- **WORK TO BE COMPLETED**:
Set down a true copy of the data, with all pictures left out.

- **THE DATA**:
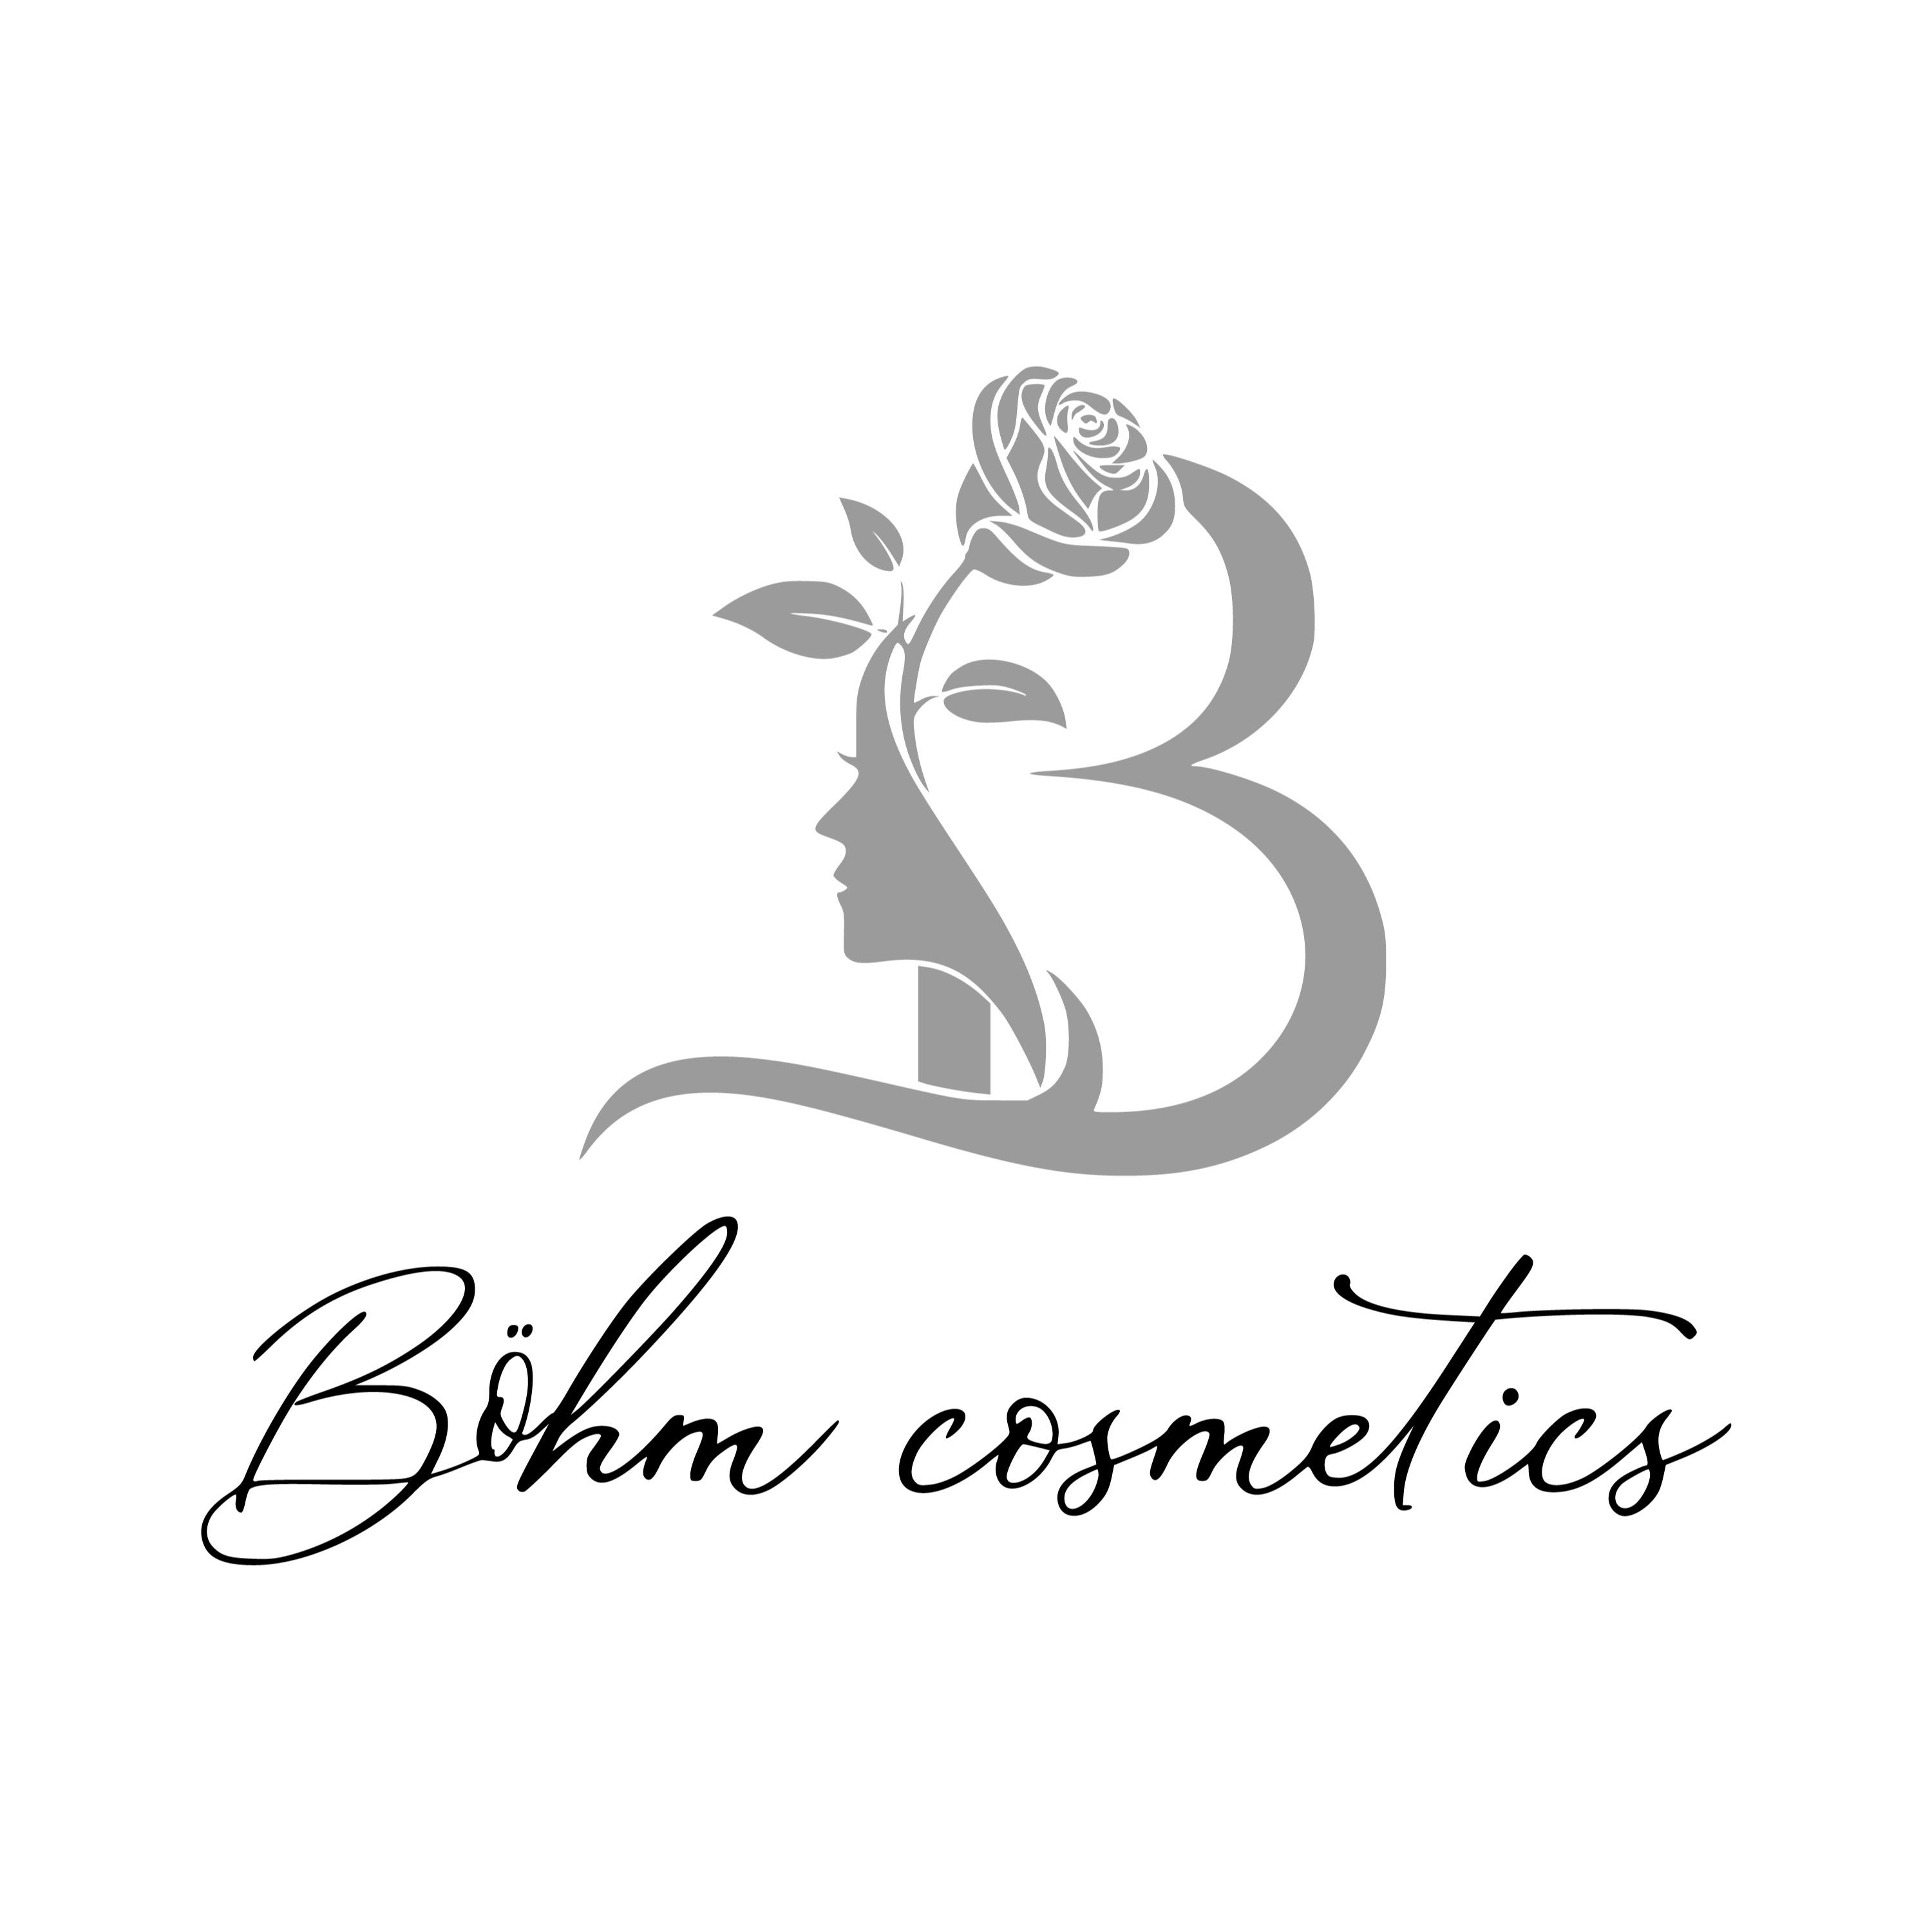 Böhm cosmetics - Kosmetikstudio München in München
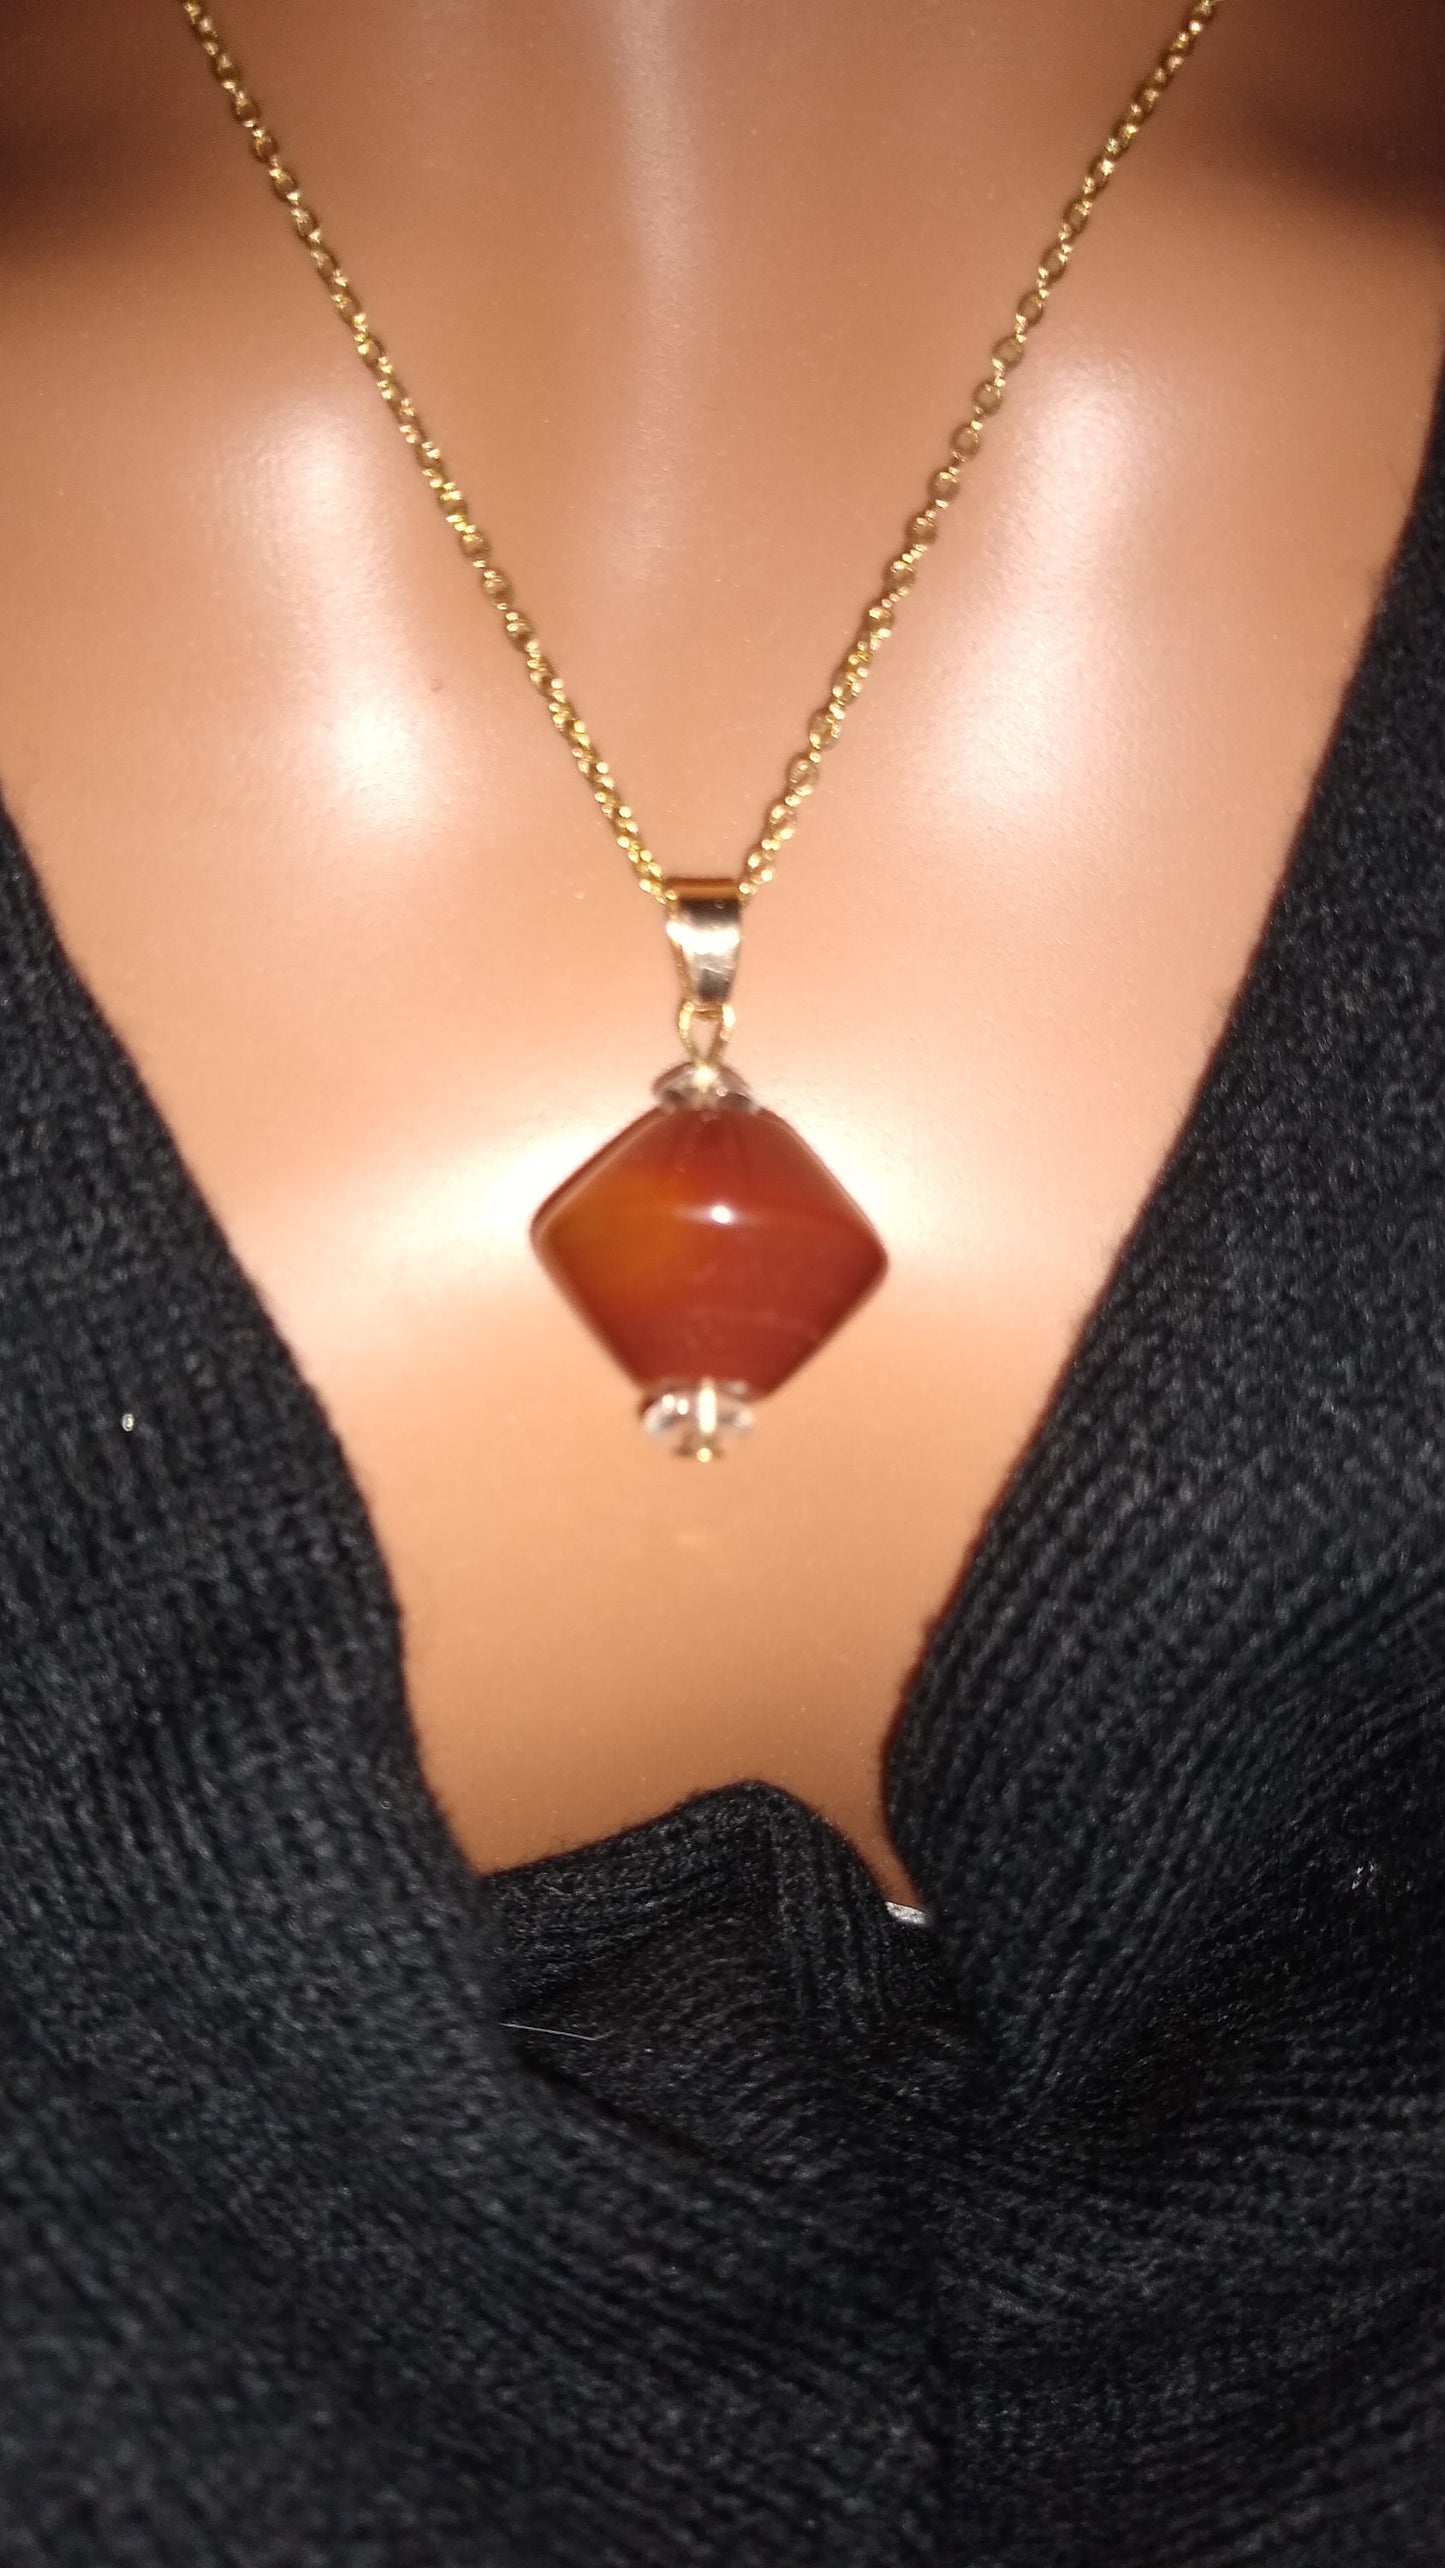 Carnelian necklace / Spinner / Attraction stone / Sacral chakra / real Carnelian / orange carnelian gemstone / gold silver chain /yoga gift
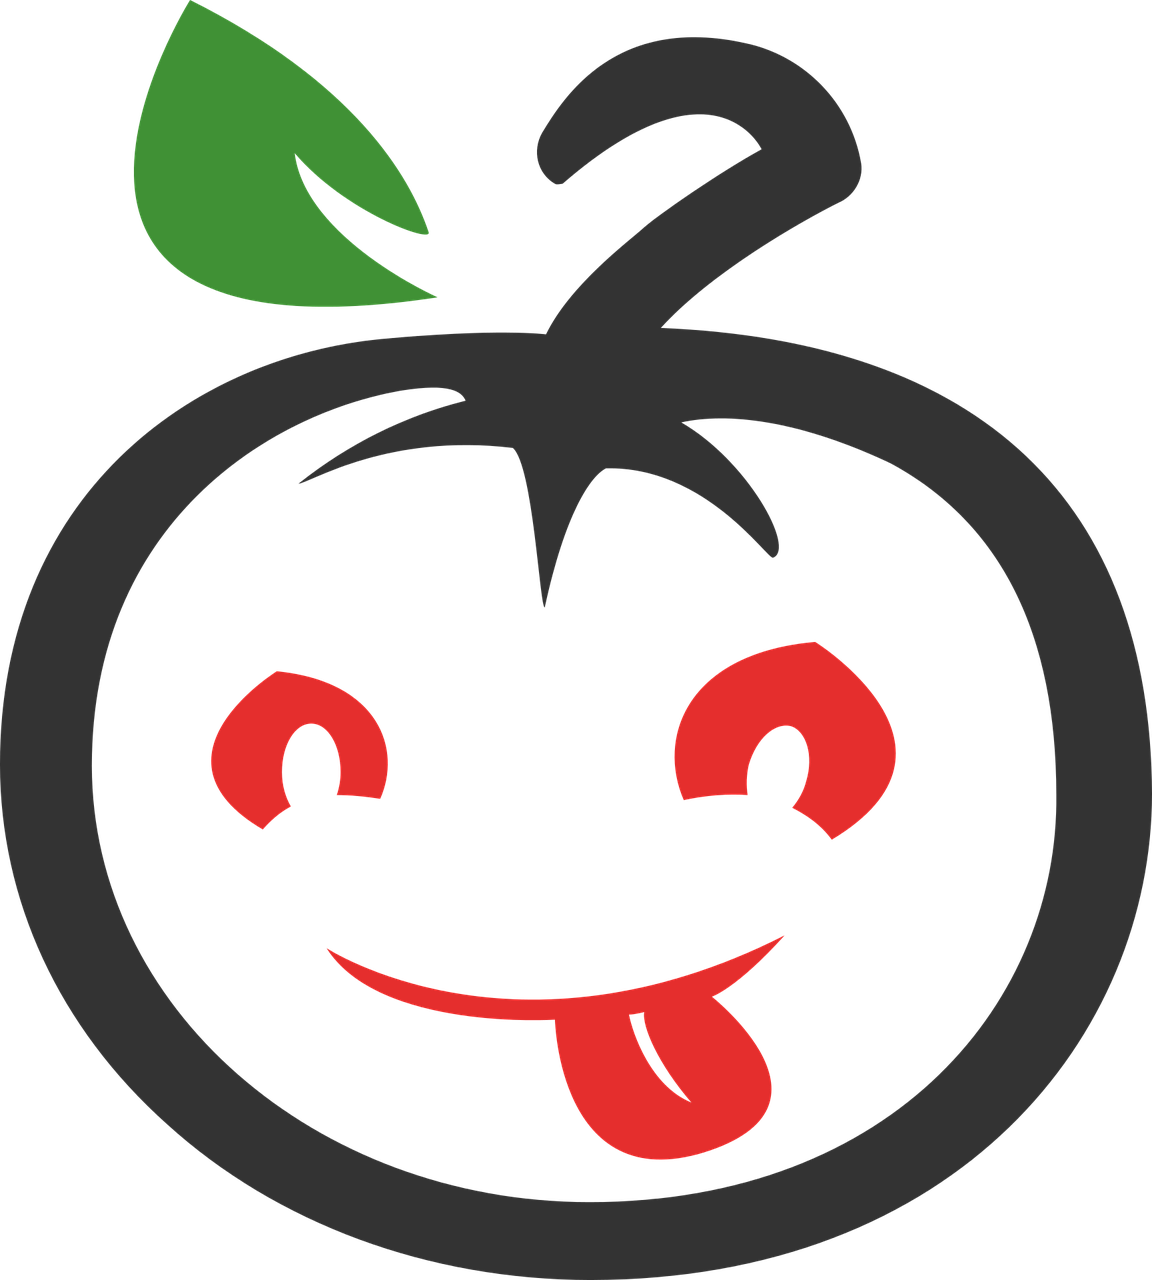 pictogram vegetable tomato free photo

- **WORKED SOLUTION**:
 Böhm cosmetics - Kosmetikstudio München in München
 Carnelian necklace / Spinner / Attraction stone / Sacral chakra / real Carnelian / orange carnelian gemstone / gold silver chain /yoga gift
 pictogram vegetable tomato free photo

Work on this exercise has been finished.